Apoptosis induced by sanguinarine has been associated also with the production of reactive oxygen species (ROS)[20,36,52,58]. ROS are a group of highly reactive molecules, among which are superoxide anion radical, hydrogen peroxide, singlet oxygen, and hydroxyl radical. ROS are the products of the oxygen metabolism within the cell. ROS are known as key regulators of normal cell proliferation and differentiation, however, high levels of ROS have also been associated with damage of DNA and proteins and thus with the occurrence of apoptosis[59,60]. Moreover, an overdone oxidative stress has been shown capable of inducing a reduction of the normal mitochondrial membrane potential, which in turn leads to apoptosis[21,61-63]. It has been shown that ROS generation, is crucial for the apoptosis induced by sanguinarine in human breast cancer[52], SK-Mel-2 human melanoma[37], human prostate cancer[25] and in both HCT-116[21] and HT-29 human colon cancer cells[40]. Consistently, pre-treatment of tumor cells with antioxidants such as N-acetylcysteine or glutathione counteracts the apoptosis induced by sanguinarine[21,32,37,52]. Moreover, the over-expression of cyclooxygenase-2 (COX-2) also rescues prostate cancer cells from sanguinarine-induced apoptosis by inhibiting the activity of NO synthase, thus suggesting the possibility to use a combination of COX-2 inhibitors and sanguinarine in the treatment of human prostate cancer[28].

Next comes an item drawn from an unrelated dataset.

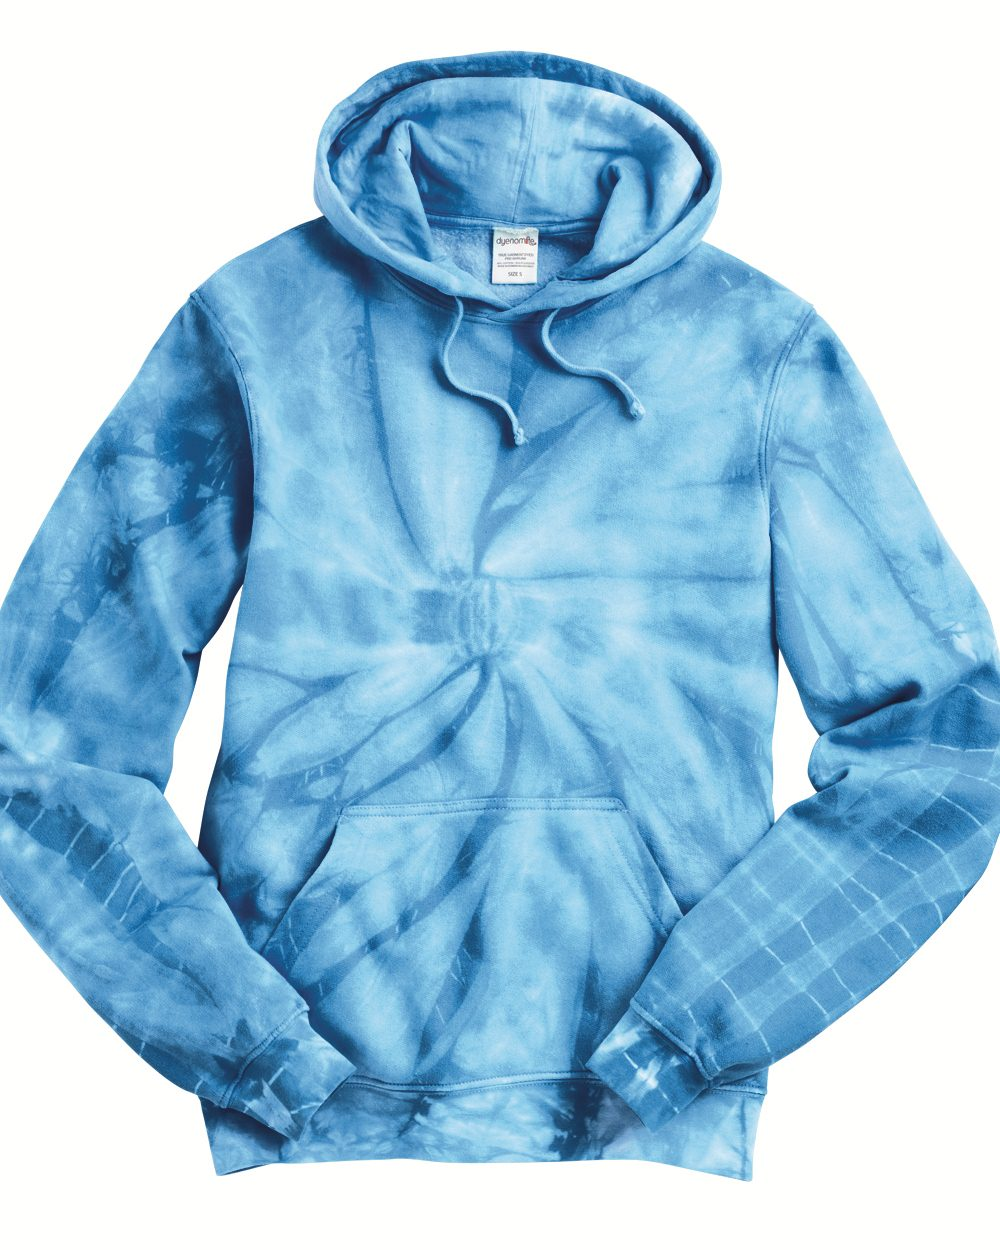 Tie-Dyed 854CY-Cyclone Hooded Sweatshirt

The molecular pathways associated with carcinogenesis are linked also with chronic inflammation, which emerges as an important co-factor in tumor development. The NF-κB controls the inflammatory gene expression and recently it has been suspected to be involved also in the control of tumor development[64]. Resting NF-κB localizes within the cell cytoplasm in the form of a heterodimer composed by p50, p65, and the inhibitory subunit IkBα[65]. Following activation, the IkBα protein is phosphorylated, ubiquitinated and finally degradated. Then, the p50 and p65 reach the nucleus of cell, where they interact with selected DNA sequences localized in the promoter region of various genes, leading to their transcription. Consistently, the NF-κB signalling pathway has been indicated as a key-target for the development of new chemotherapeutic approaches in cancer.

Sanguinarine has been suggested as a potential actor in the control of NF-κB-dependent pathological responses by blocking phosphorylation and degradation of IkBα. Studies by Chaturvedi et al[50] showed that in human myeloid ML-1a cells, the treatment with sanguinarine is capable of abrogating, dose- and time-dependently, the activation of NF-κB induced by tumor necrosis factor.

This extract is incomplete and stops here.